Mystic Mantra: The mysterious realisation of advaita
The world’s most famous scientist, Albert Einstein, once made a very significant statement: Creation may be spiritual in origin, but that doesn’t mean that everything created is spiritual. Let us accept the world is a mystery. Nature is neither solely material nor entirely spiritual.
With this statement, Einstein comes close to the realisation what Indian mystics have been experiencing for thousands of years. They have termed this realisation as advaita, the experience of non-duality. Einstein says that nature is neither solely material nor entirely spiritual. But the eastern mystics are truly existential and they don’t see any division, any duality in the material and the spiritual. The outer (the material) and the inner (the spiritual) may appear as separate — in reality, it is all one. Appearances are illusions.

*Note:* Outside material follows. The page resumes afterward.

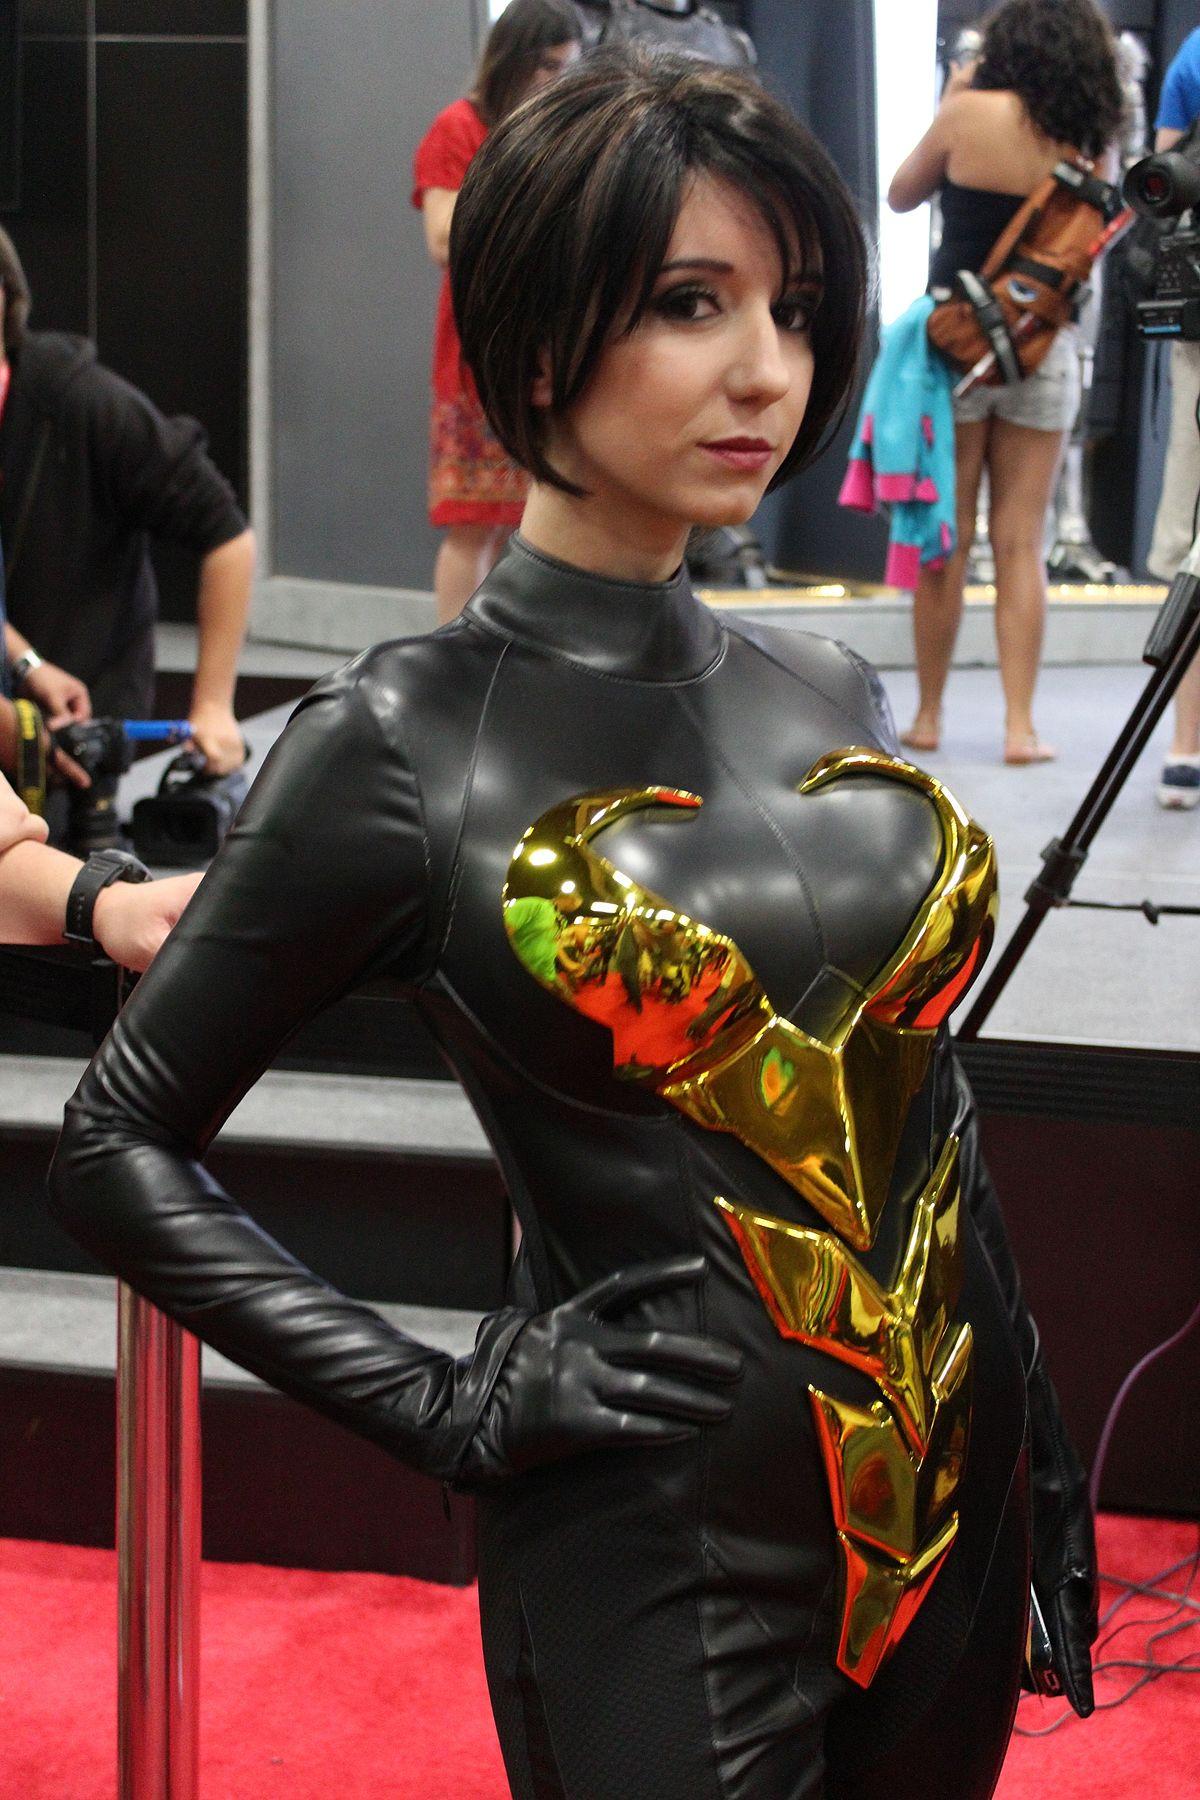 Gu pe marvel comics wikip dia - Super heros fille marvel ...

The modern enlightened mystic, Osho, explains: There are two kinds of illusions in this world — one, the illusion of matter; second, the illusion of I, the ego.
Both are basically false, but only by coming closer to them does one become aware they don’t exist. As science draws closer to matter, matter disappears; as religion draws nearer I the I disappears. Religion has discovered that the I is nonexistent, and science has discovered that matter is nonexistent. The closer we come, the more we become disillusioned. That’s why I say: go within; look closely — is there any I inside? I am not asking you to believe that you are not the I. If you do, it will turn into a false belief. If you take my word for it and think, “I am not; the ego is false. I am Atman, I am Brahman; the ego is false,” you will throw yourself into confusion. If this merely becomes a repetitive thing, then you will only be repeating the false. I am not asking you for this sort of repetition. I am saying: go within, look, recognise who you are. One who looks within and recognises himself discovers that “I am not.” Then who is within? If I am not, then someone else must be there. Just because “I am not,” doesn’t mean no one is there, because even to recognise the illusion, someone has to be there.
The mystic concludes: The experience of what remains after the disappearance of I is the experience of godliness. The experience becomes at once expansive — dropping I, “you” also drops, “he” also drops, and only an ocean of consciousness remains. In that state you will see that only godliness is.
This is the mysterious realisation of advaita.
Einstein contemplates: Man, too, is more than flesh and blood; otherwise, no religions would have been possible. Behind each cause is still another cause; the end or the beginning of all causes has yet to be found.
But the fact is that contemplation is all mind stuff and is confined to the mind only, but meditation is a step further. It takes us into the realm of no-mind, the field of pure consciousness and oneness of existence.